TASK REQUIREMENTS:
The pictures are to be left out, and all remaining data is to be transcribed exactly as it appears.

── COLLECTED MATERIAL

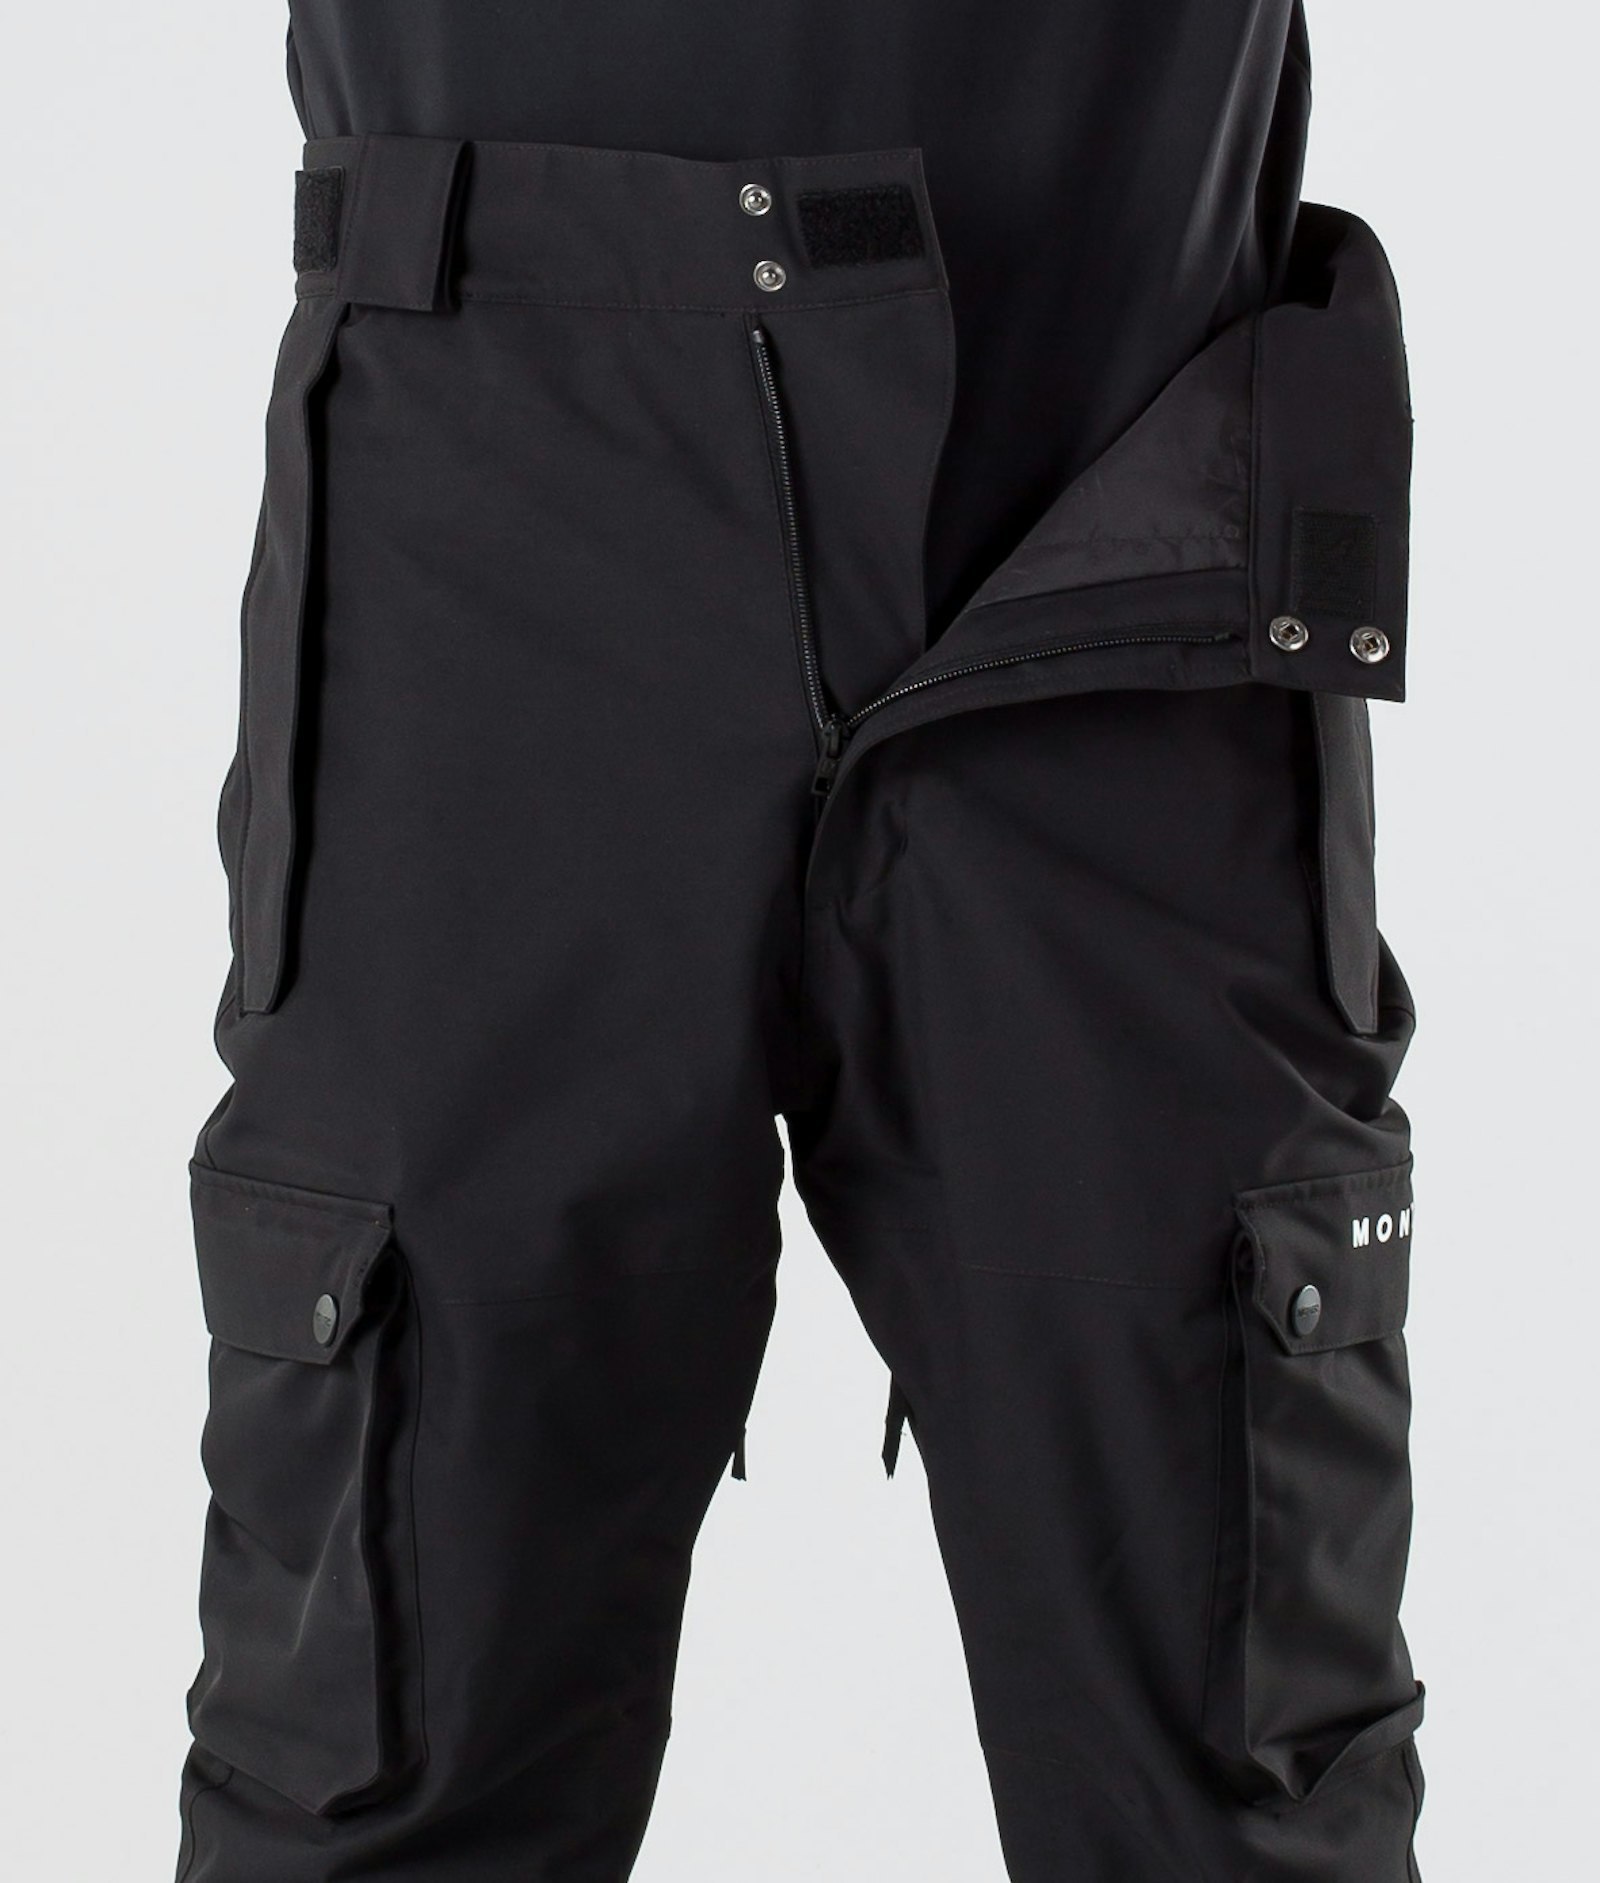 Montec Doom 2019 Kalhoty na Snowboard Pánské Black
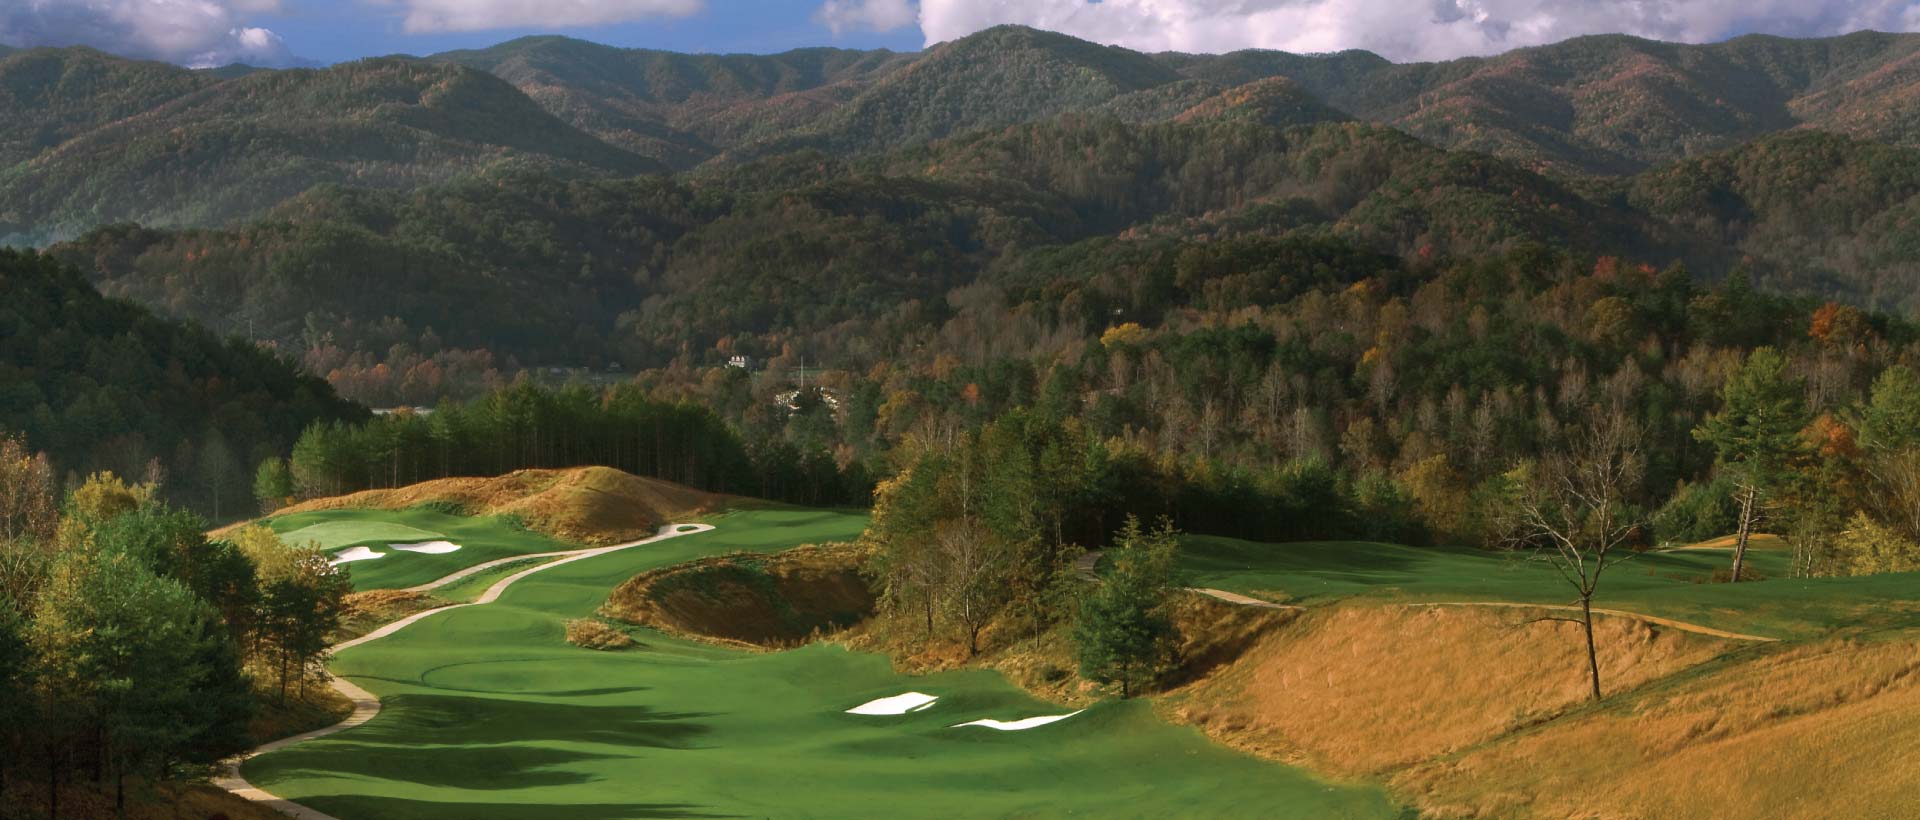 Welcome to Carolinas Golf & Vacation ResortsPremier Destinations
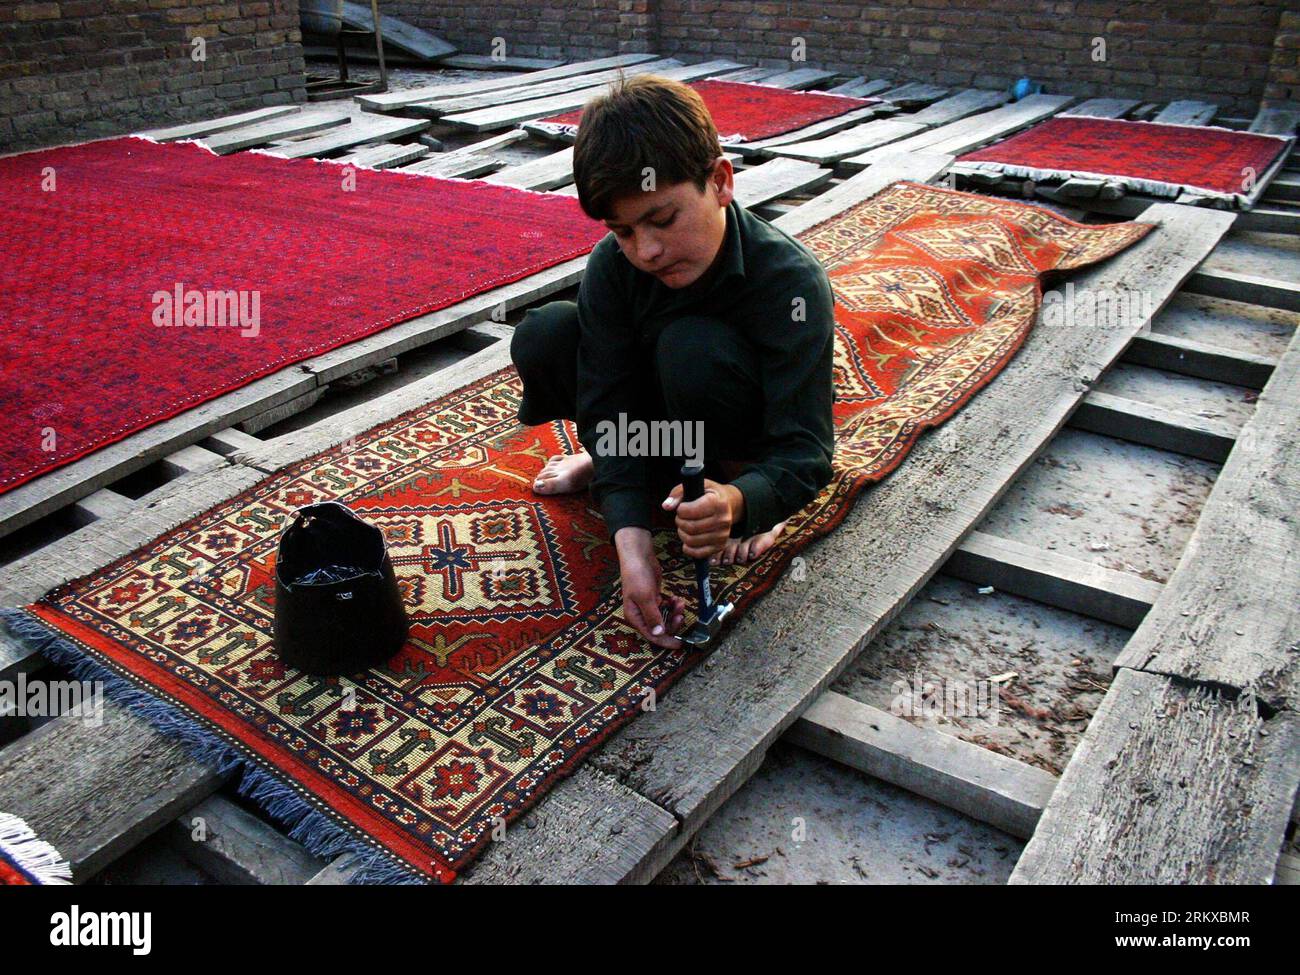 Bildnummer: 58936436  Datum: 20.12.2012  Copyright: imago/Xinhua (121220) -- PESHAWAR, Dec. 20, 2012 (Xinhua) -- A Pakistani boy crafts a hand-made carpet at a local carpet factory in northwest Pakistan s Peshawar, Dec. 20, 2012. According to reports, Pakistan s carpet exports have witnessed a huge decline of more than 50 percent during the last five years. (Xinhua/Ahmad Sidique) (zf) PAKISTAN-PESHAWAR-CARPET EXPORTS-DECREASE PUBLICATIONxNOTxINxCHN Wirtschaft Arbeit Teppich Fabrik Teppichfabrik x0x xdd 2012 quer      58936436 Date 20 12 2012 Copyright Imago XINHUA  Peshawar DEC 20 2012 XINHUA Stock Photo

────

YOUR SOLUTION:
 Montec Doom 2019 Kalhoty na Snowboard Pánské Black
 Welcome to Carolinas Golf & Vacation ResortsPremier Destinations
 Bildnummer: 58936436  Datum: 20.12.2012  Copyright: imago/Xinhua (121220) -- PESHAWAR, Dec. 20, 2012 (Xinhua) -- A Pakistani boy crafts a hand-made carpet at a local carpet factory in northwest Pakistan s Peshawar, Dec. 20, 2012. According to reports, Pakistan s carpet exports have witnessed a huge decline of more than 50 percent during the last five years. (Xinhua/Ahmad Sidique) (zf) PAKISTAN-PESHAWAR-CARPET EXPORTS-DECREASE PUBLICATIONxNOTxINxCHN Wirtschaft Arbeit Teppich Fabrik Teppichfabrik x0x xdd 2012 quer      58936436 Date 20 12 2012 Copyright Imago XINHUA  Peshawar DEC 20 2012 XINHUA Stock Photo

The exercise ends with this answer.